A great conversationalist, he’d learn that most people Tweet and Text nowadays, choosing technological communication for the real thing. Before long he’d hear about state legislators with an eye toward abolishing environmental laws, business regulations and permit people to carry weapons, in some cases in libraries. Forget cell phones; where are the smelly bars, featuring aging sausages in dusty glass containers, upswept floors, dime beer, and no closing time? Finally, he once predicted little towns across the Southwest might someday be swallowed up by global chain stores, throwing local workers to the wolves—which may be coming back by the way, so there is some good news.

Above all, he’d learned that the U.S. now has a black president; a historic event. But instead of being celebrated, it has emptied the cellars and attics of those which go bump in the night, intent on returning America to the days before the Civil War, even before the Revolution indeed when Christians slaughtered one another and mouthy women were hung.

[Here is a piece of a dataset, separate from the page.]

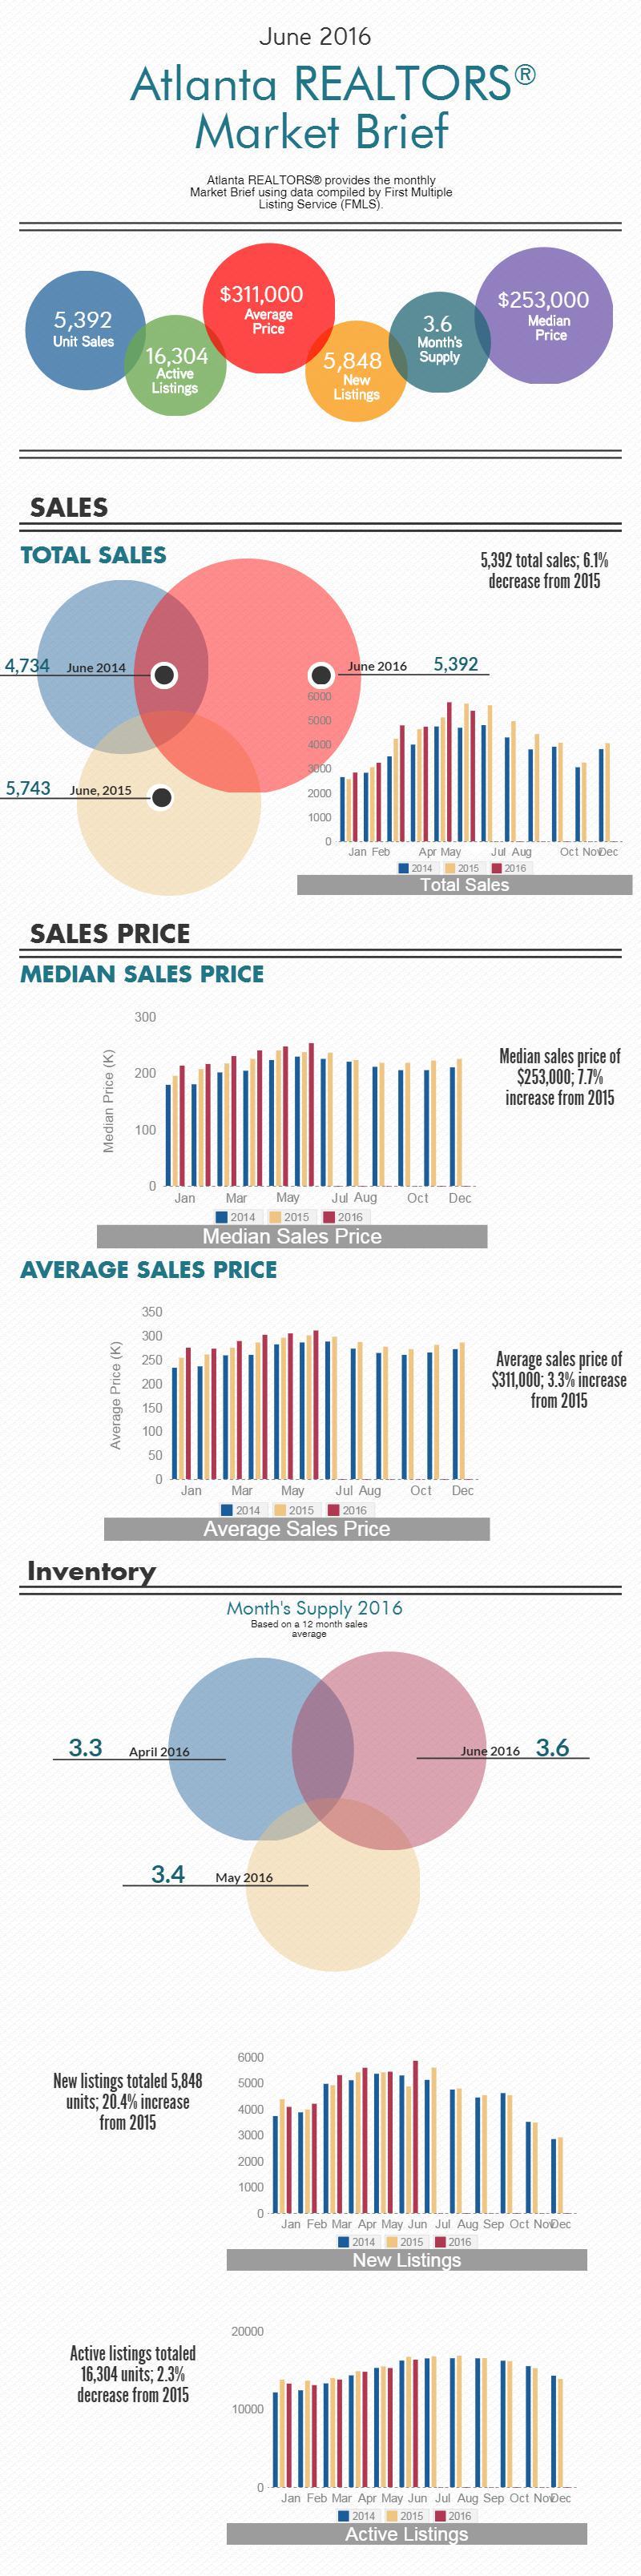 06_2016 market info

Someday comes someday and this is a good time to celebrate Cactus Ed Abbey, after all he’s been gone for 25 years, sleeping silently amidst the rocks not far from the far back of beyond. “Ed was a warhorse, a wild horse, and one of a kind,” essayist Ed Hoagland told this scrivener. And while most books come and go like the seasons, like love affairs, like the wind, Joe Neri of Well Red Coyote says,  “Abbey’s works still sell well, especially Desert Solitaire, year after year along with The Monkey Wrench Gang.”  Still alive with us is Abbey’s cry, “We can have wilderness without human life at all; but we cannot have freedom with wilderness.”

Born in the Appalachian Mountains, red-neck hillbilly, Abbey transformed himself during 40 odd years in the Southwest into park ranger, teacher, husband, father, scholar, desert prophet, world-renown author and trouble-maker for those eager to develop the land. Historians regard him as an iconoclast in the tradition of Mark Twain and Ambrose Bierce, a coyote trickster.

Not all among us were fans of his writings, but that did not faze him. Said he one day long ago, “When not ignored, my books are greeted with what I must recognize as a coolness verging on outright frigidity, particularly by the buzz saws of chickenshit liberalism. A near unanimous indifference sprinkled with peppery pockets of abuse—such has been the overall critical reception of thirty years in part-time literary travail.”

Eastern critics never liked his writing much. Either they did not understand him and his works, or, more likely, they were angry that much of his writing punched holes in their dream – that the Southwest was still a mythic, virgin wonderland, unmarred by Man, to which they could escape when the eastern states start to sink into a quagmire of pollution, rising waters—and boredom.

As this scrivener sees it, from the wheelchairs of his mind, Abbey is to the Southwest what Frost was to New England, Jim Muir to Yosemite, poet Wendell Berry to the land. Wrote Berry, “Ed was a red hot moment in the consciousness of the country. The half-life of his writings will be at least as long as that of uranium.”

Alike so many authors today, writing was a moral task. Writers worth their salt must oppose the powerful and give voice to the weak. To him there was a two-edged sword that was always glinting. By that I mean his characters were often wounded by life but they were also having fun.
In Abbey’s work, The Monkey Wrench Gang, Bonnie says to her lover, friend and river-running buddy George Washington Hayduke “amuse me. I am bored.” “Ok” he said, “what is the difference between the Lone Ranger and God?”  She replied that this was stupid. “Ok,” said he “there really is a Lone Ranger.”